What follows is one of the project/topics that I have the most fun with. Today being election day, I decided to pull some quick data on elections via Twitter. Some interesting facts, I started pulling tweets containing the word “election” at 6:29 am central, ending at 3:43 pm central. there was a 40 minute gap around 9:00 am where I don’t have any data, in the end we have about 8.5 hours of tweets total.
In that time there were 85,457 tweets from 63,440 people, indicating vast majority of folks made one tweet. There were 44 accounts that made more than 20 “election” tweets and 2,000 accounts that had more than 4 tweets.
Moving on to the tweets themselves, they contained around 1.5 million words. Looking at some of the more popular words (outside of things like the, and, etc.)
The Democrat/Republican numbers are an interesting analysis themselves, as mentioning the term in no way indicates vote preferences (if this does lots of folks are going to be VERY surprised later this evening)

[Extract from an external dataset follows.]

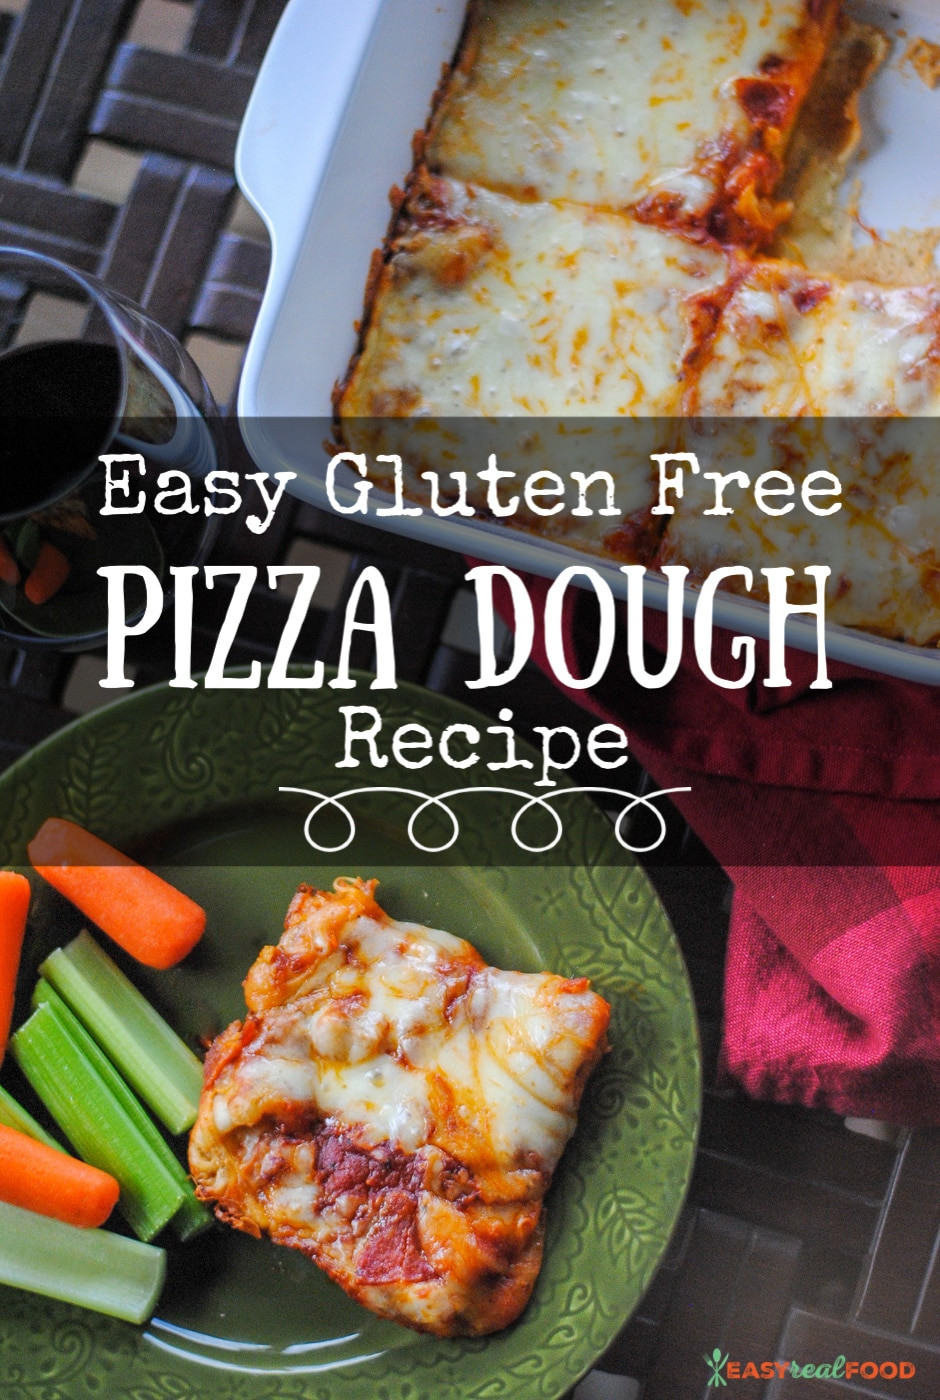 Yeast Free Pizza Dough Recipe
 Easy Gluten Free Pizza Dough Recipe without yeast Easy

In total we count 93,730 different words used in these tweets. Course that includes things like links, each mention as a word, mis-spellings, etc..
In the end, a quick fun project on election day. Most of my work of this nature has been around agriculture and agvocacy efforts, I think the real power lies in the massive amount of data that social media makes available, and the speed and ease at which it can be processed by personal computers. No longer is “data analysis” something confined to deep dark corners of large corporations or government agencies, but fitting for the new “open” web world we live in, available as well to simple Kansas farm folk like me!